Luis Jaime Cisneros
Updated 06/06/2021 10:01
a rural school teacher who came out of anonymity four years ago as the leader of a national teacher strike, broke in with a leftist speech and
the promise of "no more poor in a rich country"
, thereby seeking to become the Sunday in President of
The candidate of
, a minority leftist party, reaches the ballot
with the right-wing leader Keiko Fujimori, according to the latest polls released after he hit the ball when he won with 18.9% the first round of April 11, which had a record of 18 applicants.
At the age of 51, Castillo has the merit of channeling the
feeling of indignation
from a part of Peru that he connected with his simple message: "No more poor in a rich country."
He was born in Puña, a town in the Chota district, in the northern Cajamarca region, where he has lived and worked as a teacher in a rural school for 24 years.
His name began to sound in 2017, when he
led a prolonged national strike
A propaganda poster of candidate Pedro Castillo, in his hometown, Catabamba, in Peru.
Religion and social demands
He is married and has three children.
His wife is evangelical, but he is Catholic.
The mix of conservative morals and social demands for change has tuned in well in a country where religion is often an electoral factor.
He is used to citing biblical passages when he appeals to morality to justify his
rejection of abortion, homosexual marriage and euthanasia
Wearing a white high-top hat typical of Cajamarca, he patiently traveled the regions of Peru, even on horseback, to get votes.
"Castillo is a kind of Lula from the countryside, without the union skills of the former Brazilian president, but he proves to be a good communicator," journalist and analyst Sonia Goldenberg told AFP.
"He is a much better candidate than Keiko Fujimori to convey emotions," he adds.
Facts about Pedro Castillo and his rival Keiko Fujimori.
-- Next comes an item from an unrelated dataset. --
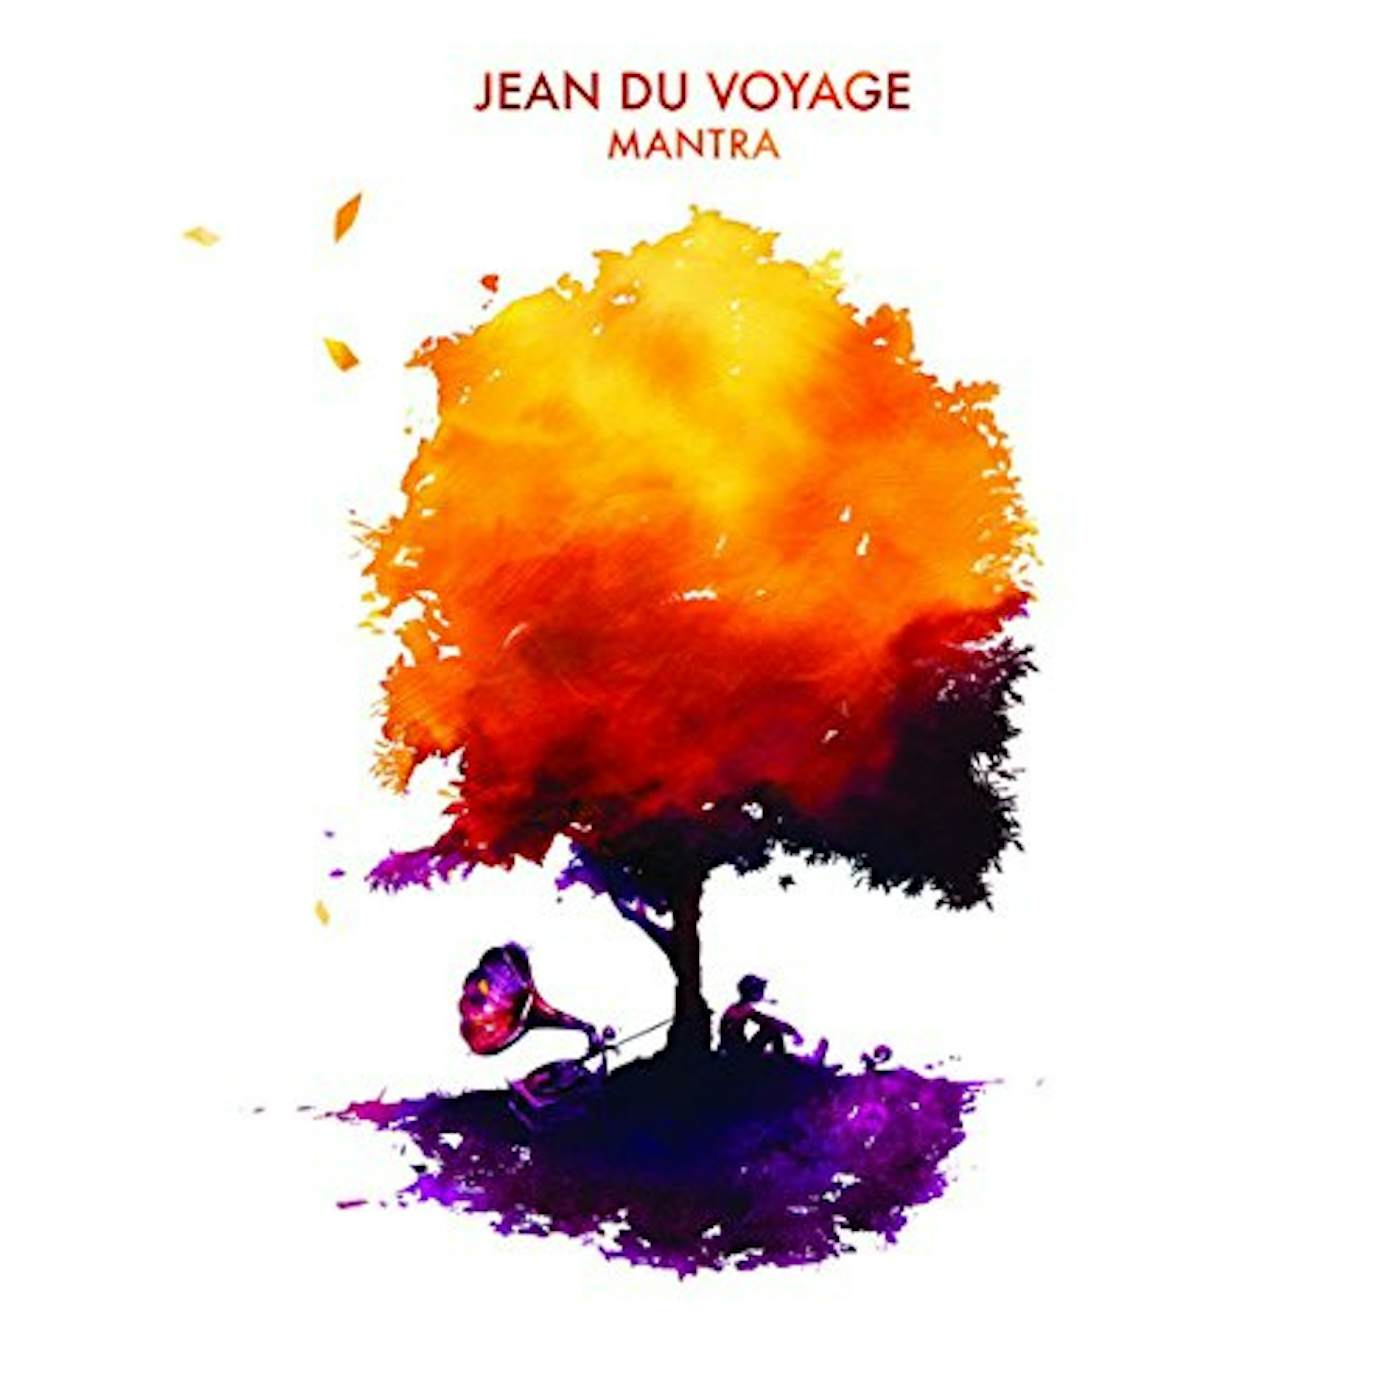 Jean du Voyage Mantra Vinyl Record

He promises to create a million jobs in a year
He promises to create a million jobs in a year
and denies that he intends to confiscate workers' pension funds, as his critics claim.
"The people feel identified with a person who is born from the same town," said the candidate when he went on horseback to vote in the first round in Tacabamba (Cajamarca), the traditional means of transport in that rural area.
2017 national strike
lasted almost 80 days, demanding a salary increase and the elimination of a questioned teacher evaluation system.
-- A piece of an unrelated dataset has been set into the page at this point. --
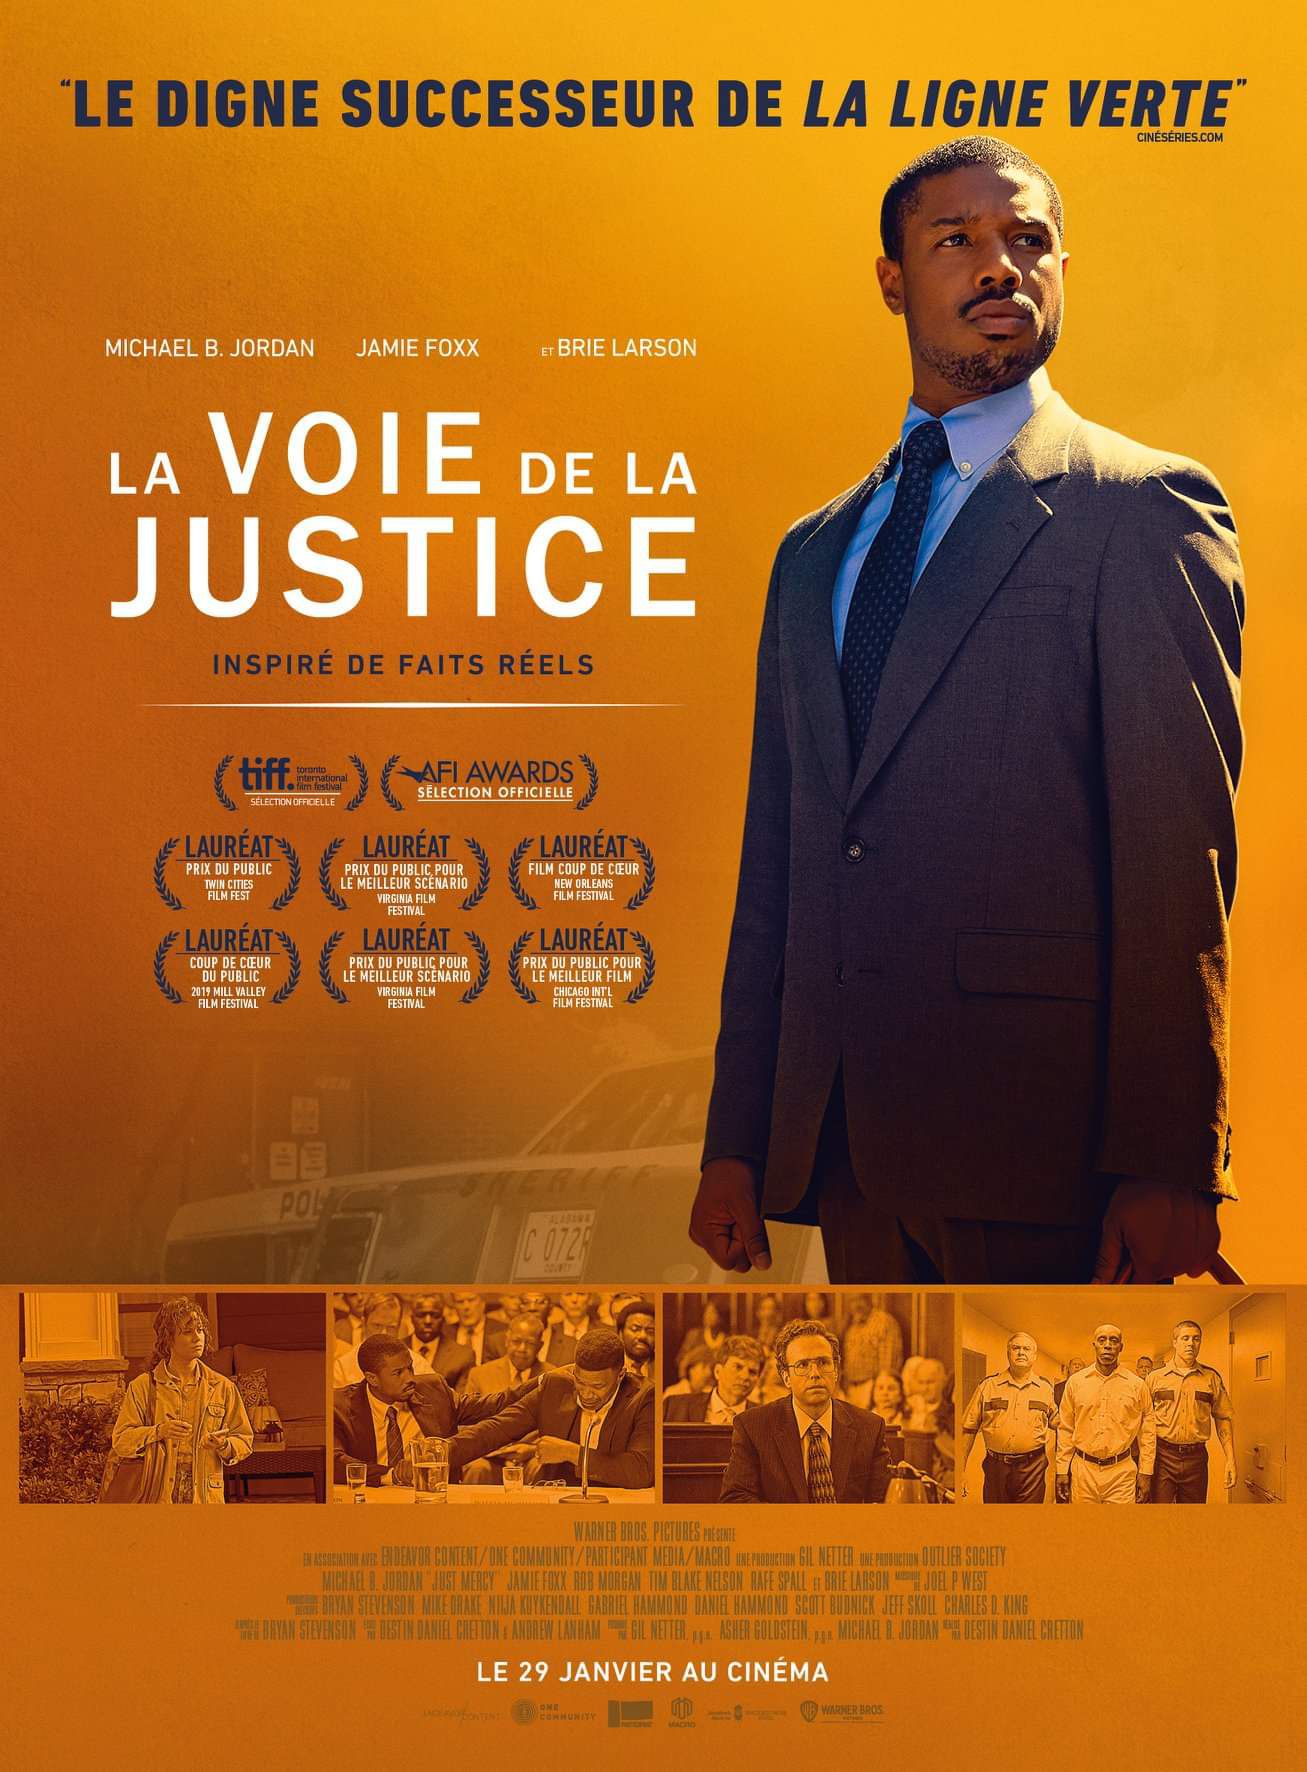 La Voie de la justice - Film (2020) streaming VF gratuit complet

The strike left 3.5 million students in the country's public schools without classes and cornered then-president Pedro Pablo Kuczynski.
He initially refused to dialogue with the strikers until he relented and accepted most of the demands, except to end the evaluation system.
In an attempt to delegitimize the strike, the Minister of the Interior at the time, Carlos Basombrío, said that the leaders of the magisterium were linked to Movadef, the political arm of the defeated Maoist guerrilla of the Shining Path, an illegal group considered "terrorist" in Peru. .
Ireño Castillo, the father of Pedro Castillo, at his home in the town of Puña, department of Cajamarca, Peru, this Friday.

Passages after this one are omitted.